— Именно поэтому вы стали преподавать мертвый язык?
— Конечно, Бэйлс. Что может быть успокоительнее, чем гудение детских голосов, талдычащих «Комментарии Цезаря», слово за словом переводя те же унылые описания, что вгоняли в дрожь десятки предыдущих поколений учеников? Да я могу преподавать свой предмет даже во сне. Что, кстати, частенько и делаю.
— И вы никогда не преподавали научные дисциплины? — спросил Бэйлс.
— О, нет. Тогда бы пришлось работать мозгами, а они должны отдыхать. Я мог бы преподавать греческий, но в средней школе греческий не изучают.
— Ученый, который знает латинский и греческий языки… Вы необычный человек.
— А вы первый, кто это сказал.
Бэйлс немного помолчал.
Его собеседник выглядел абсолютно хладнокровным, абсолютно уверенным в своей способности держать все в тайне. И у него было на это право. Сколько это уже продолжается? Двенадцать лет? Но сначала, конечно, никто ничего не подозревал.

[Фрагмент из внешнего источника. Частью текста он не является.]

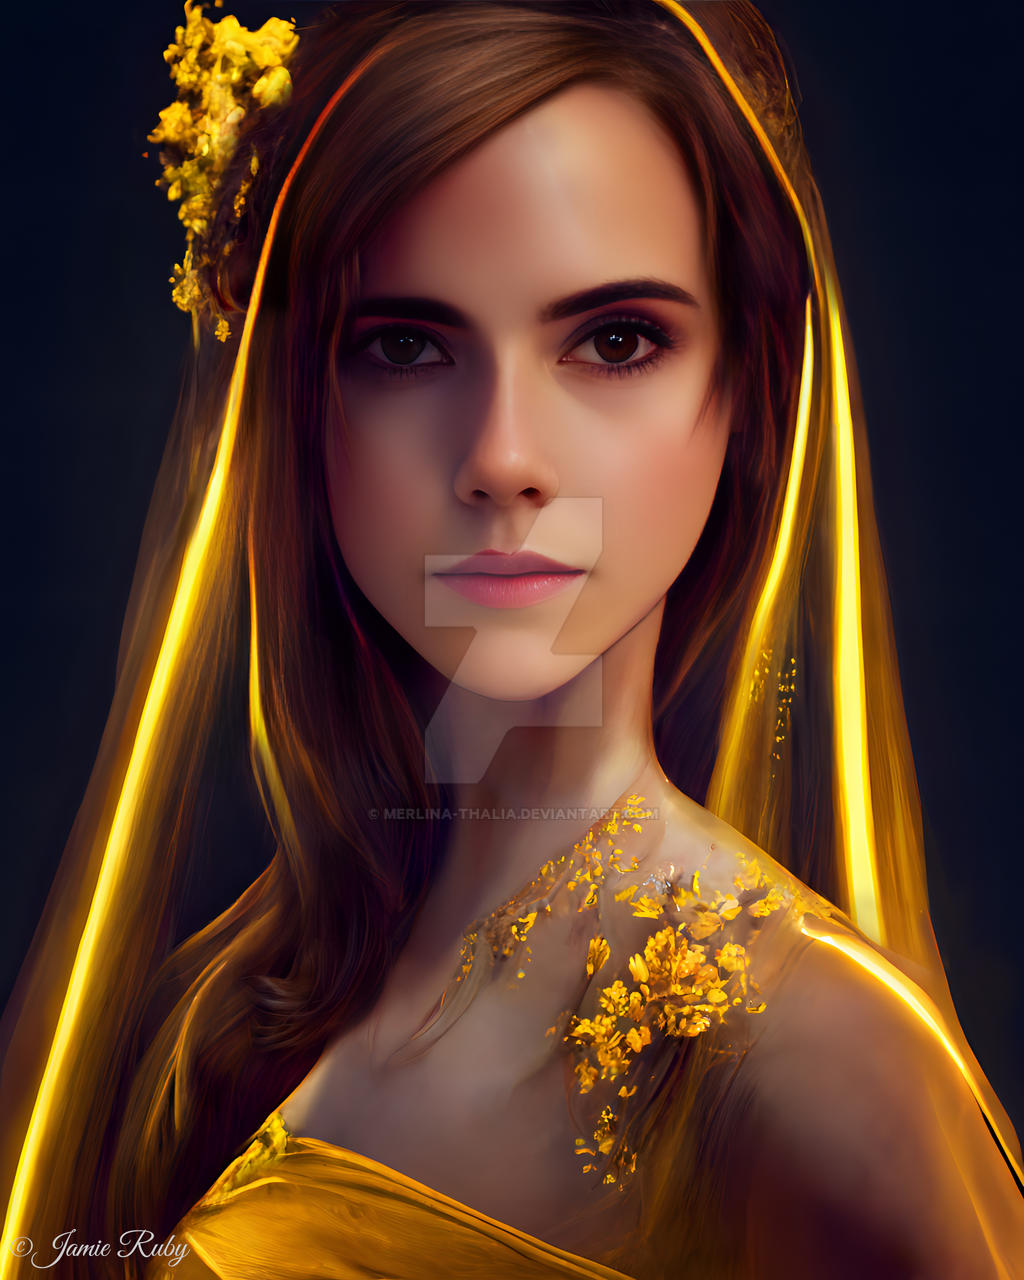 Emma Watson as Belle by merlina-thalia on DeviantArt

— Странно, — сказал Берроуз, — что вы потратили много времени, чтобы найти меня. Простое изменение фамилии не должно было сбить вас с толку. Как это пишут о преступниках: совершив одно преступление, преступник в дальнейшем действует по шаблону и не изменяет его? Вам следовало догадаться, что я буду продолжать преподавать.
— Вы немного запутали нас ложными ходами, — сказал Бэйлс.

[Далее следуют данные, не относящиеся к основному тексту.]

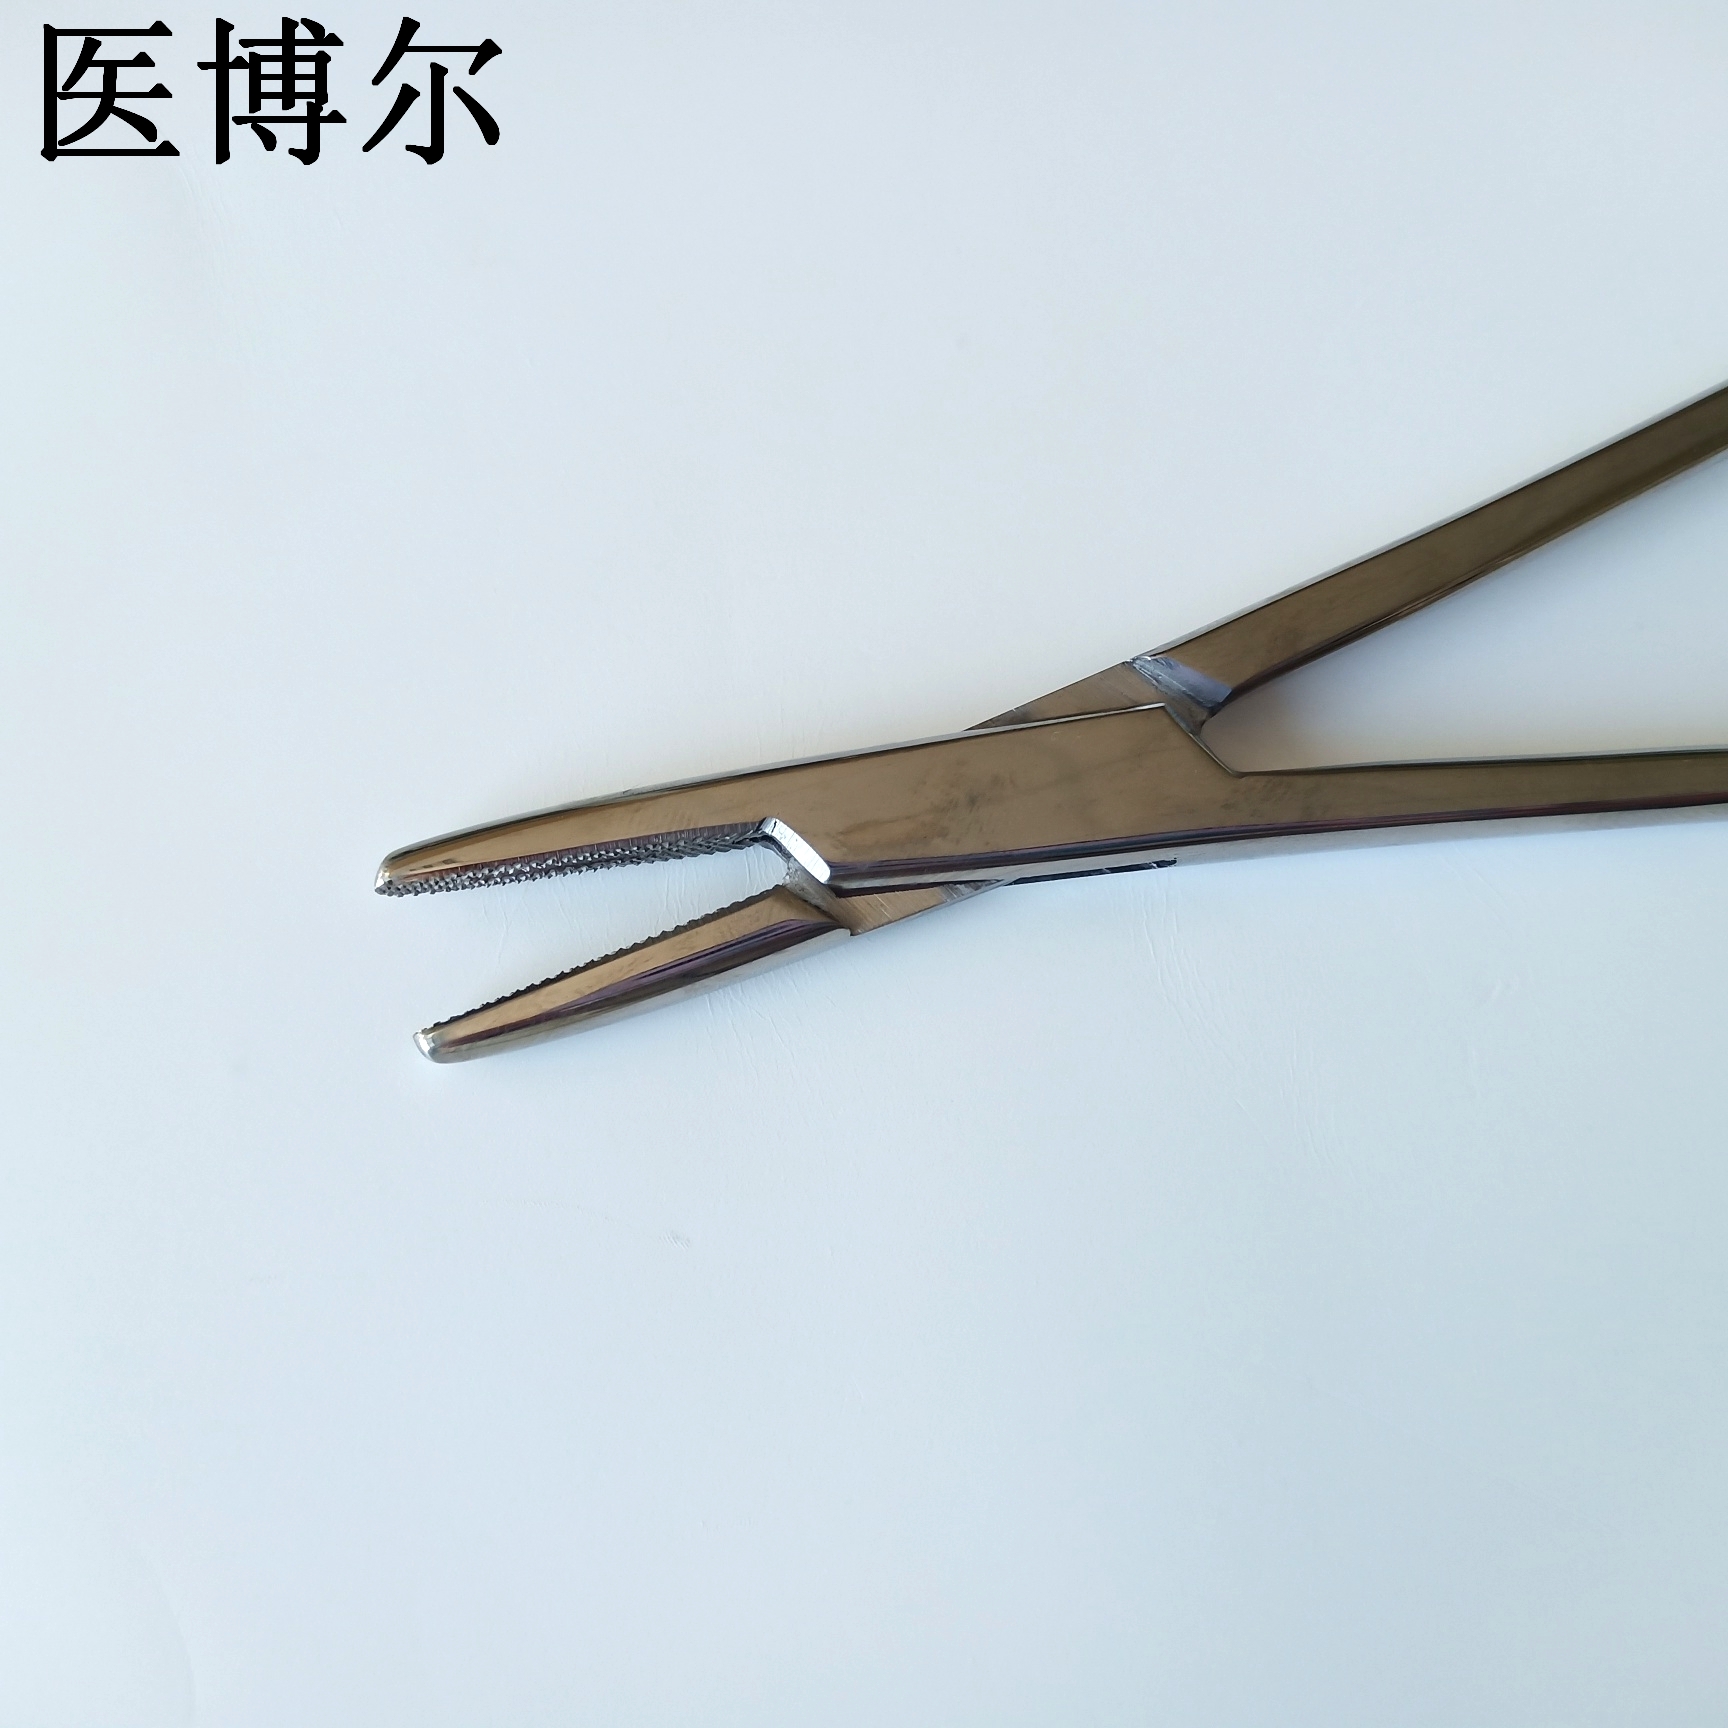 18cm粗针持针器 (6)_看图王.jpg

— К тому же мы не думали, что вы сумеете еще раз получить работу в школьной системе. Как вам удалось вторично зарегистрироваться?
— Да никаких проблем. Моему коллеге предложили другую работу. Я просто воспользовался его именем. Зарплата настолько низкая, что больше никто не претендовал на это место.
Бэйлс кивнул. Если у вас крепкие нервы, вы будете действовать так, словно бояться нечего, и тогда многое может сойти вам с рук. Теперь стало ясно, что за чопорной личиной школьного учителя скрываются крепкие нервы. Крепкие нервы и отличные мозги.
Бэйлс сунул руку в карман за сигаретами, вытащил пачку и тут услышал цоканье когтей по полу. Он обернулся.
Из открытой двери соседней комнаты появился немецкий дог. Это его когти стучали по полу.
— Он наблюдал за вами все это время, — приятно улыбнулся Берроуз. — Когда вы сунули руку в карман, но не знал, что вы собираетесь достать…
— Вы хорошо обучили пса, — произнес Бэйлс.
— Естественно. Я приготовился к некоторому ограниченному насилию.
— К ограниченному насилию?
— Разумеется, никакая собака не сможет справиться с группой вооруженных и тренированных людей. Я знаю, что те, кто послал вас, Бэйлс, настроены очень решительно. Но Артур, во всяком случае, даст мне немного времени. Времени, чтобы покончить с собой и не попасть к вам в руки.
— Но у нас нет никакого намерения применять силу.
— Но ее уже применяли.
— Вот как? — вежливо спросил Бэйлс. — Должно быть, это случилось еще до меня.
— Они обыскали мои комнаты, но ничего не нашли. Затем как-то вечером подстерегли меня и избили…
— И снова ничего не добились? — сказал Бэйлс. — Наверное, мне забыли сообщить об этом.
— После этого инцидента я решил сменить место жительства.
— Приношу извинения, — сказал Бэйлс. — Очевидно, они понятия не имеют о вас, как о человеке. Им следовало воззвать к вашим лучшим чувствам.
— Ну, это тоже было. Деньги, слава, патриотизм — все это не принесло пользы. Видите ли, я отдаю себе отчет, что может натворить это открытие.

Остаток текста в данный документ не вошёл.